# Exercise brief
From the data that follows, set down exactly the lines from the one with "A train bar" through the one with "salmon burgers cooked on a skillet", counting both. Pictures stay out.

# Data listing
*** Block opens ***

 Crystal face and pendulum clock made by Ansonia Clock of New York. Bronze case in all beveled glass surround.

*** Block closes ***
*** Block opens ***

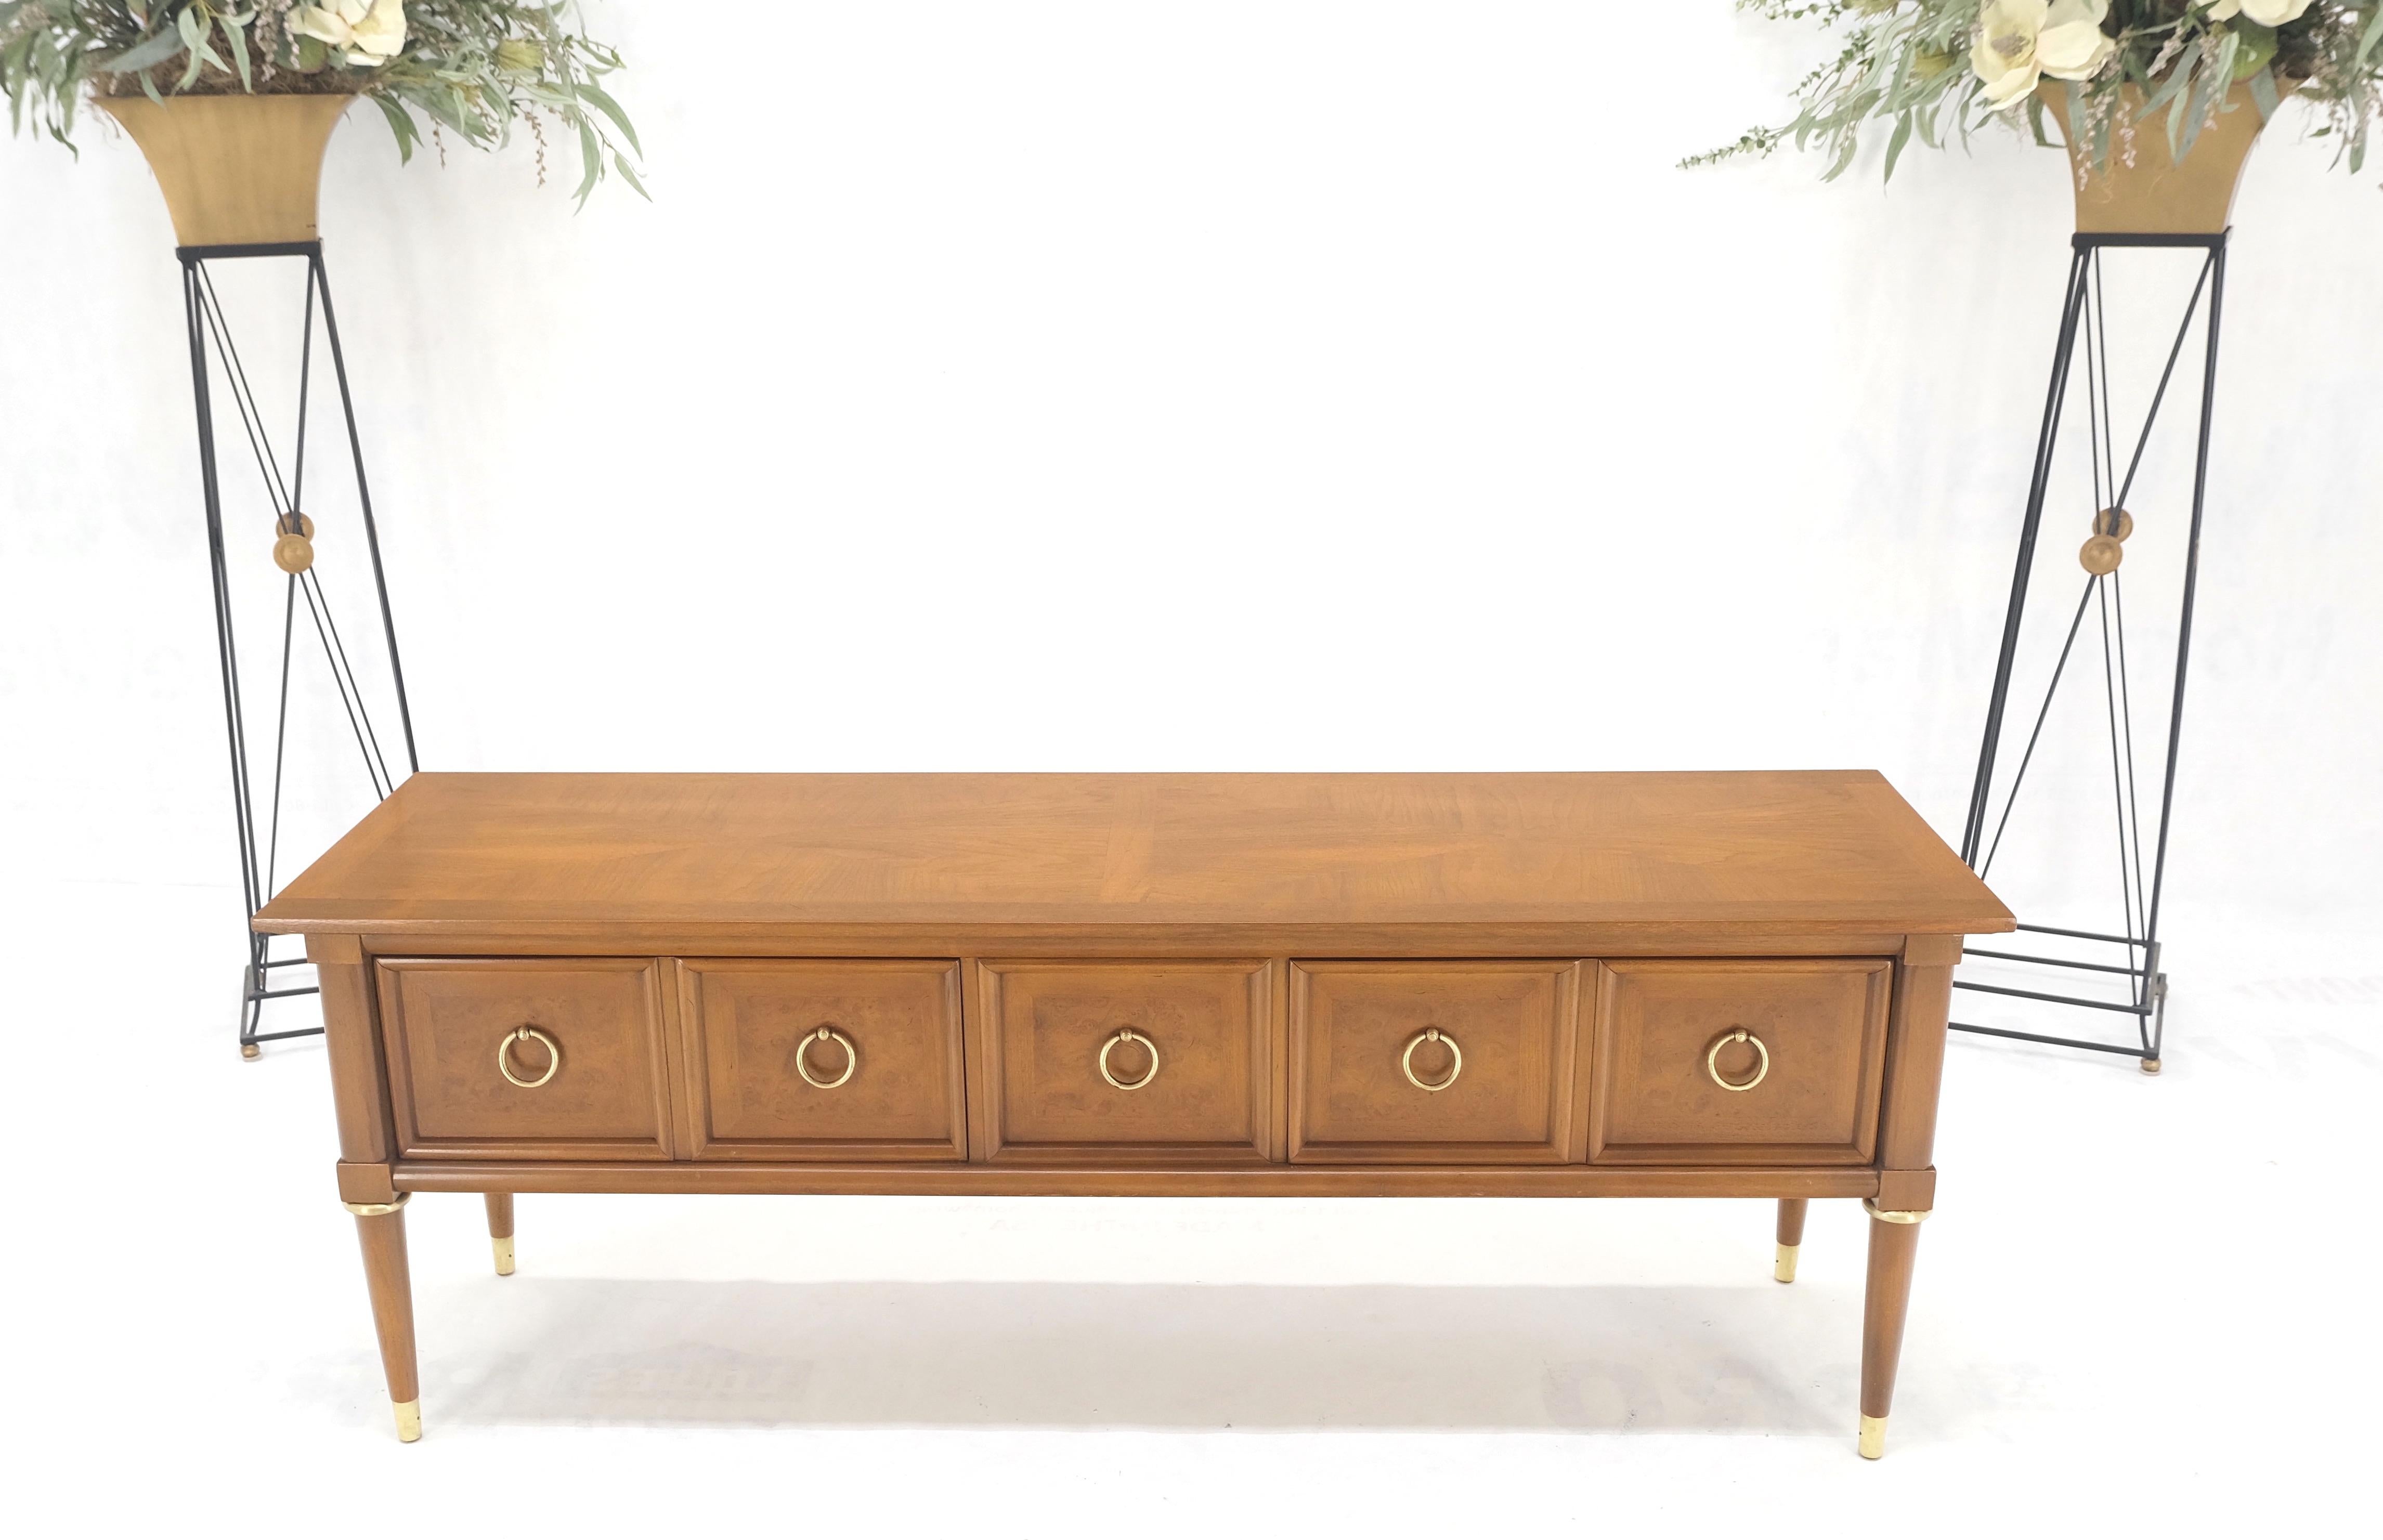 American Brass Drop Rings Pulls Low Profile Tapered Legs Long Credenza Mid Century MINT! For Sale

*** Block closes ***
*** Block opens ***

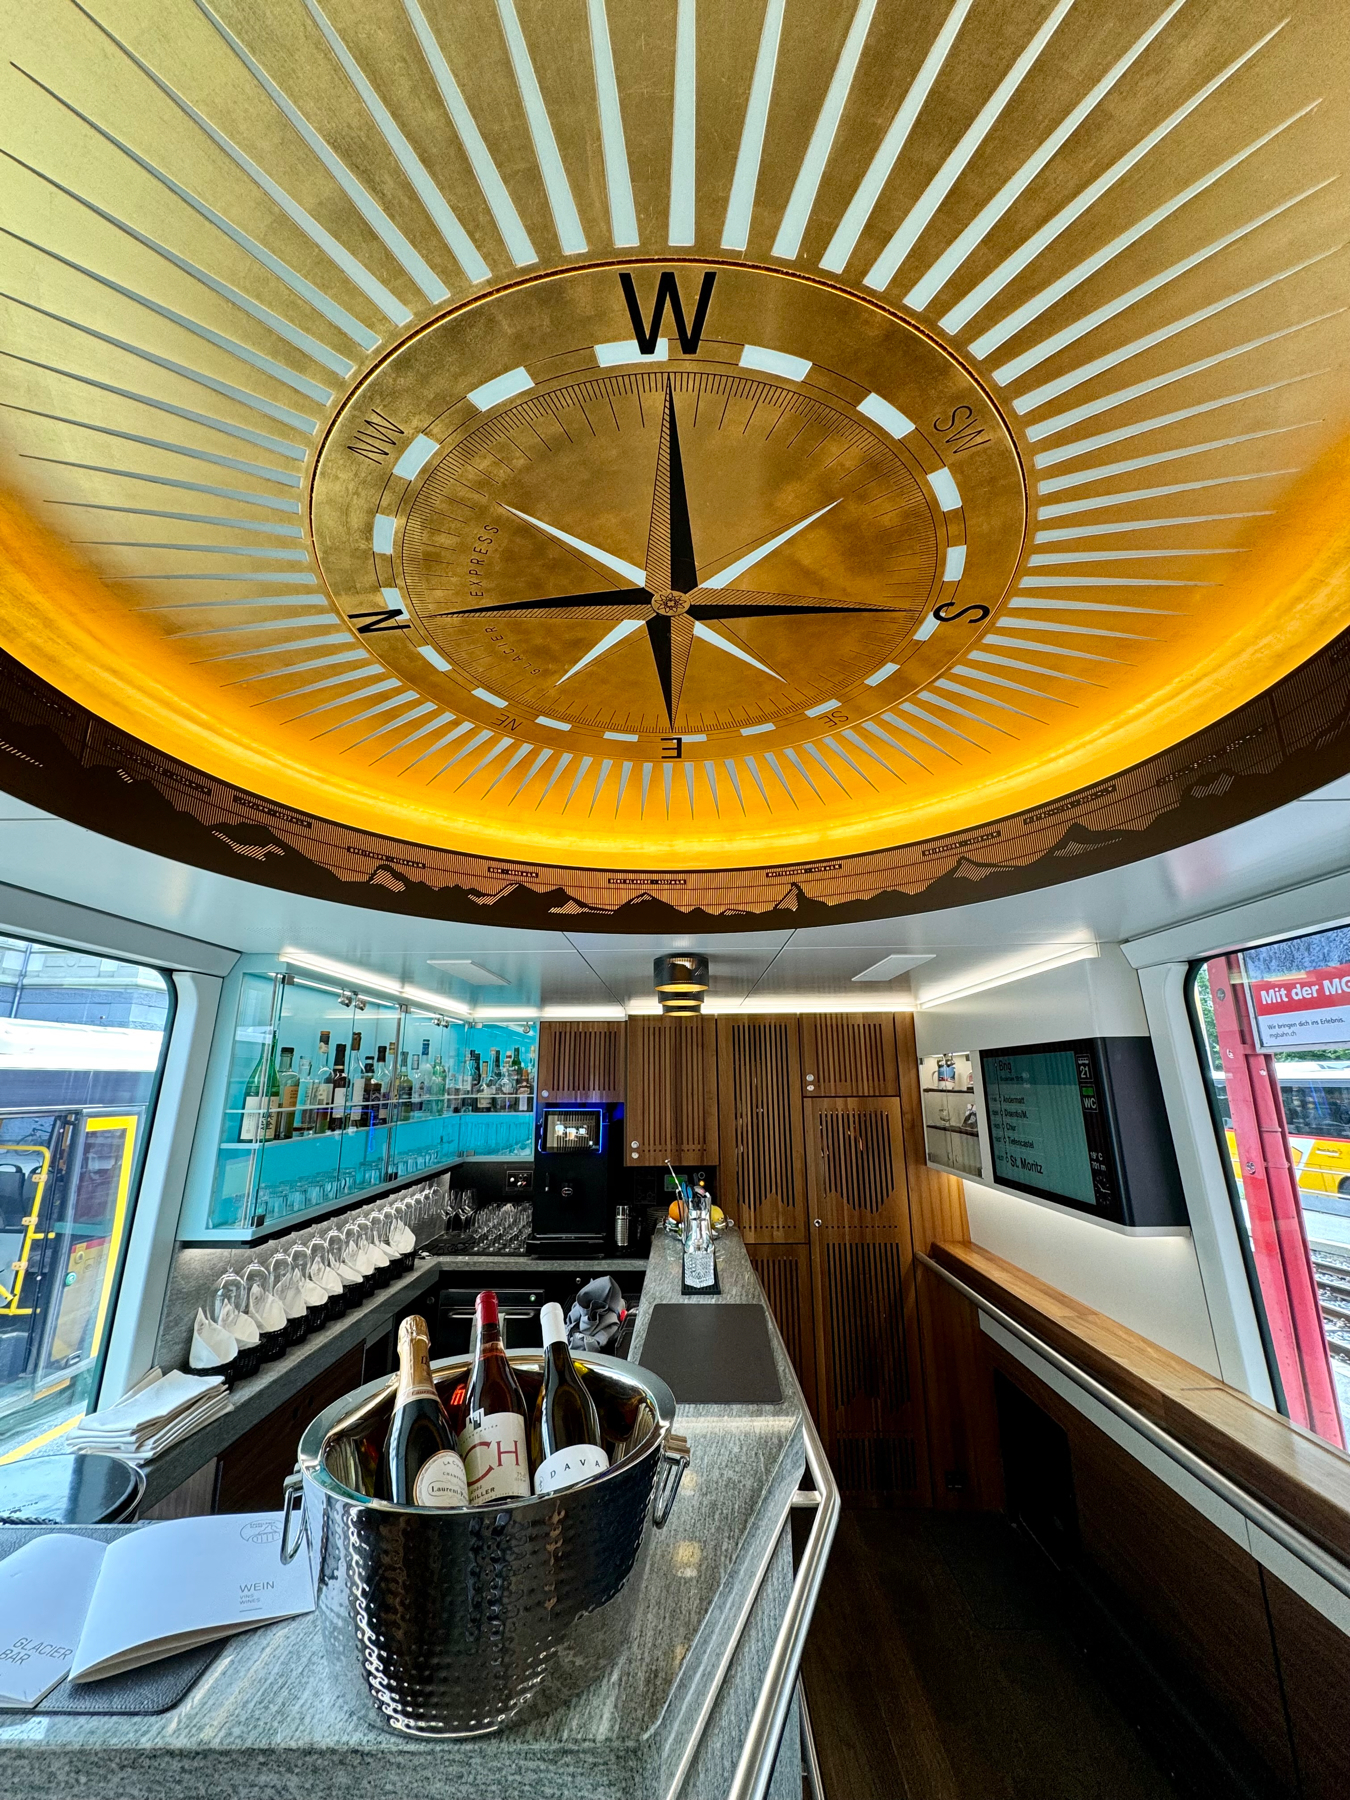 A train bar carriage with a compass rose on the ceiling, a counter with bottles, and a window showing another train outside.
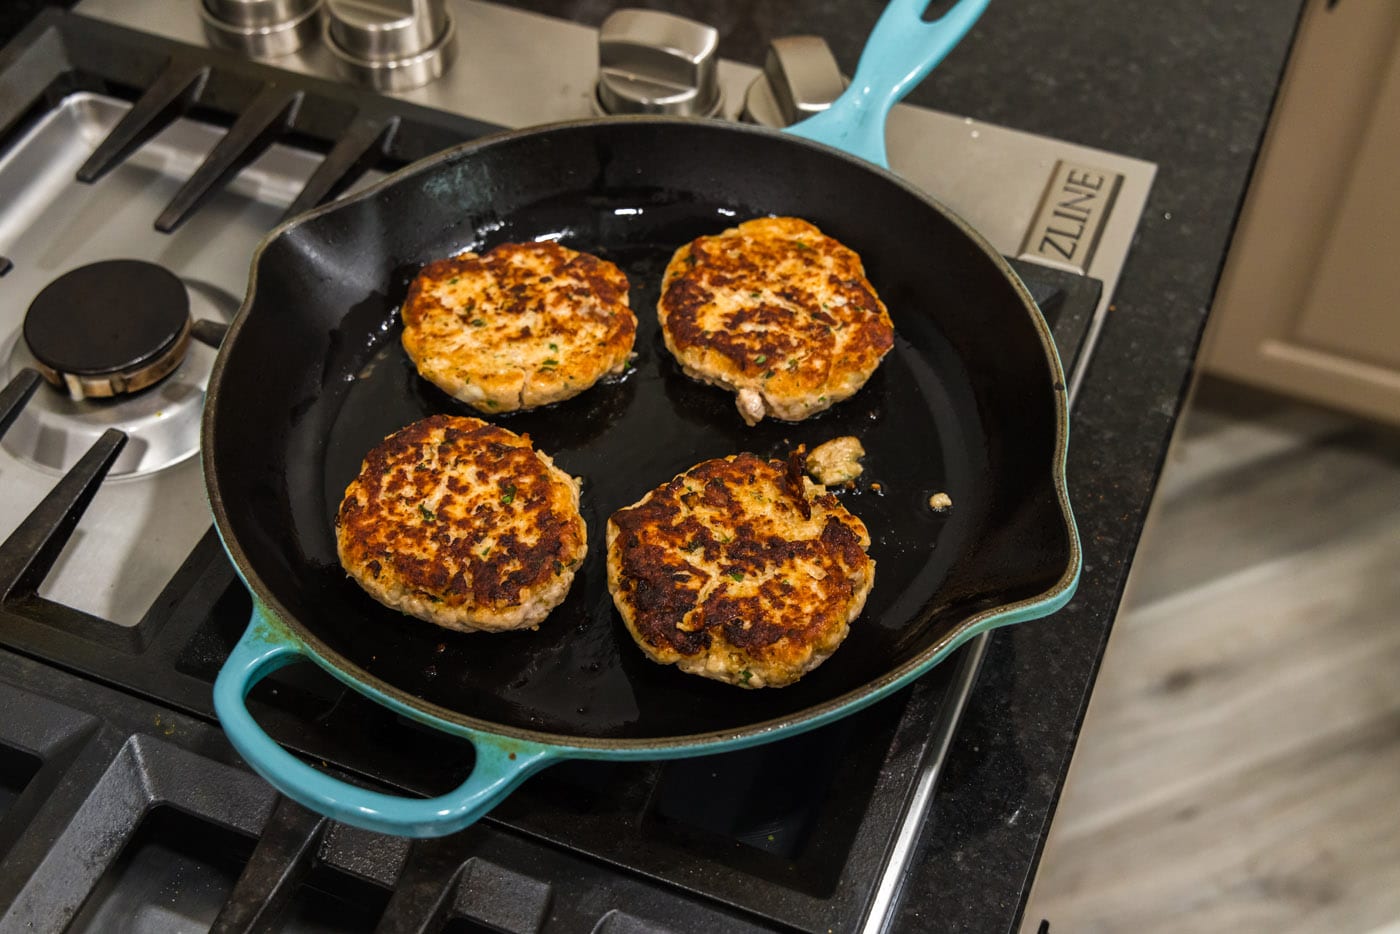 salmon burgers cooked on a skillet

*** Block closes ***

# Exercise solution
 A train bar carriage with a compass rose on the ceiling, a counter with bottles, and a window showing another train outside.
 salmon burgers cooked on a skillet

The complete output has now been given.